Tô notando que conversar anda cada vez mais em falta entre as pessoas das cidades média e grande, oxalá pequenos vilarejos também. Cansado, acossado pelas contas a pagar, mal-humorado por mil e um motivo, hoje fala a língua travada dos monossílabos. Com os parentes, com os vizinhos, com os amigos – também cada vez mais raros –, nós nos limitamos ao sim, ao não, ao é, ao fui, ao sei, quando não recorremos aos grunhidos: ahn, hem, ohm, uhm.
Se nada mudar, logo as 150 ou 200 palavras que usamos para expressar nossas emoções e nossos sentimentos, nossas frustrações e nossas alegrias, nosso carinho e nosso rancor, nossos sonhos e nossas desilusões, nosso afetos e nosso desamor estarão reduzidas a 40 ou, quem sabe, 50.
Ninguém precisa falar conosco, para nos definir. Basta olhar para nós. Somos o que o nosso rosto não esconde e nosso olhar inamistoso revela: magoados, sofridos, desencantados. Sorrir para quem, se aquele para quem sorrimos pode nos cercar na próxima esquina e nos apontar um revólver para roubar os minguados reais de nossa carteira? Falar com quem, se ninguém quer falar com ninguém? Somos robôs programados para o essencial e já faz muito tempo que o essencial não inclui a convivência.
Se bater um papo é difícil, manter um diálogo é uma impossibilidade. Já reparou nas caras feias que logo se armam quando numa reunião alguém comete o pecado mortal de tentar pôr em circulação um assunto que não seja o futebol, a vida íntima dos astros do cinema e da TV ou a nova maravilha em dietas ou regimes?
Ninguém lhe dirá nada, porque falar cansa. Mas você lerá em todos os rostos algo mais ou menos assim: – Ah, qual é a desse cara?
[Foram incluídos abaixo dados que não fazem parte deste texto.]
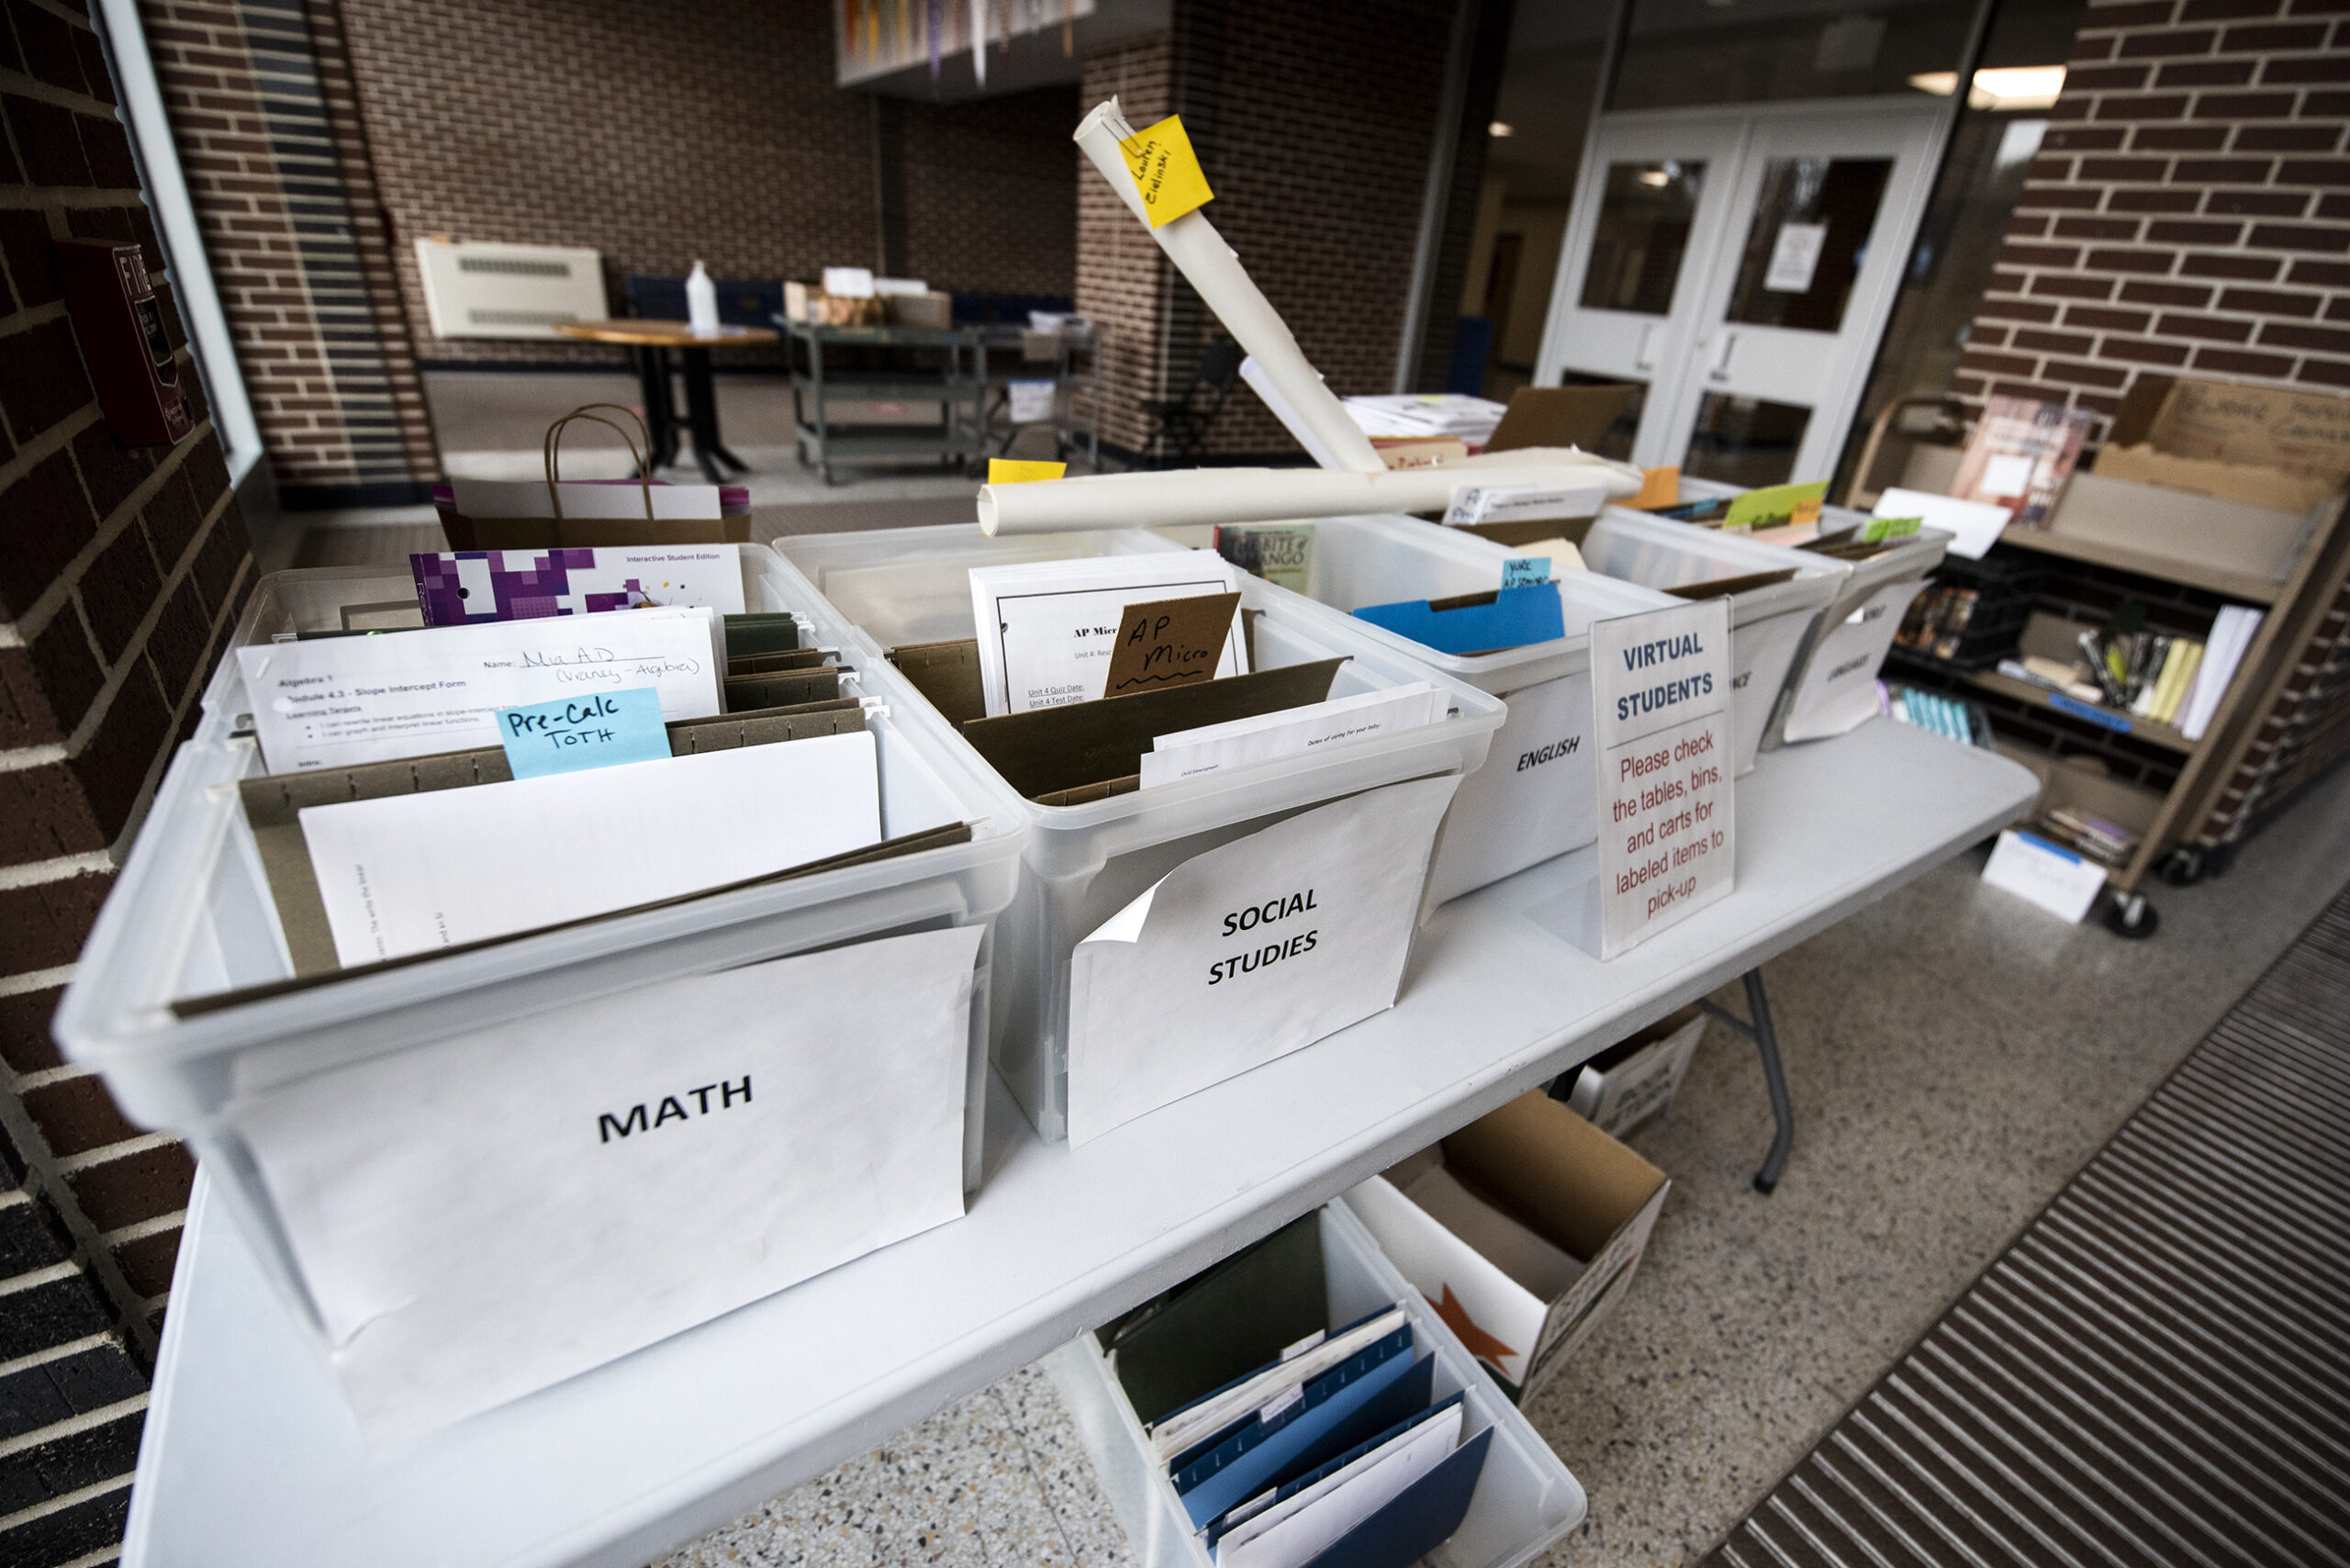 Boxes of papers in folders are placed on tables in a school lobby.

Se a dona da casa não enfiar logo um sanduíche na boca desse cretino, já ele vai vir com aquela caretice de literatura engajada e imortalidade da alma.
Sem ter com quem conversar, às vezes um dos nossos se põe a falar sozinho por aí. Você já viu alguns deles pela cidade – Alguns, mais modestos, andam pelos bairros da periferia. E falam, falam, falam sem parar. Falam para os carros, para os passarinhos, para as árvores, para os postes. Não falam conosco. Já tentaram, em outro tempo, e enlouqueceram de tanto tentar.
Ontem, vi um desses desvairados. Entrei numa dessas agências bancárias em que não há funcionários, só máquinas, e o vi conversando com uma delas.
A máquina pedia: – Digite sua senha.
Ele digitava e dizia: – OK.
A máquina sugeria: – Digite o valor dos cheques depositados.
Ele digitava e agradecia: – Obrigado.
Aí ele errava, e a máquina repetia: – Digite o valor dos cheques depositados.
Ele digitava de novo e se eximia: – Desculpe, hoje eu estou atrapalhado.
A conversa continuou, enquanto eu, na minha máquina, muda, sacava um dinheirinho. Enfiei as notas no bolso, saí e fiquei um minuto ou dois lendo as manchetes numa banca. Quando me dispus a retomar meu caminho, quem foi que se aproximou de mim? O homem, aquele. Olhou-me com simpatia e me perguntou: – Tudo bem?
Entrei em pânico. Ele, então, levantou a mão e me cumprimentou: – Até logo e boa sorte.
Enquanto eu, estupefato, não sabia se respondia ou não, ele atravessou a rua e se foi. Era um louco, só podia ser. Falava e, além de falar, sorria.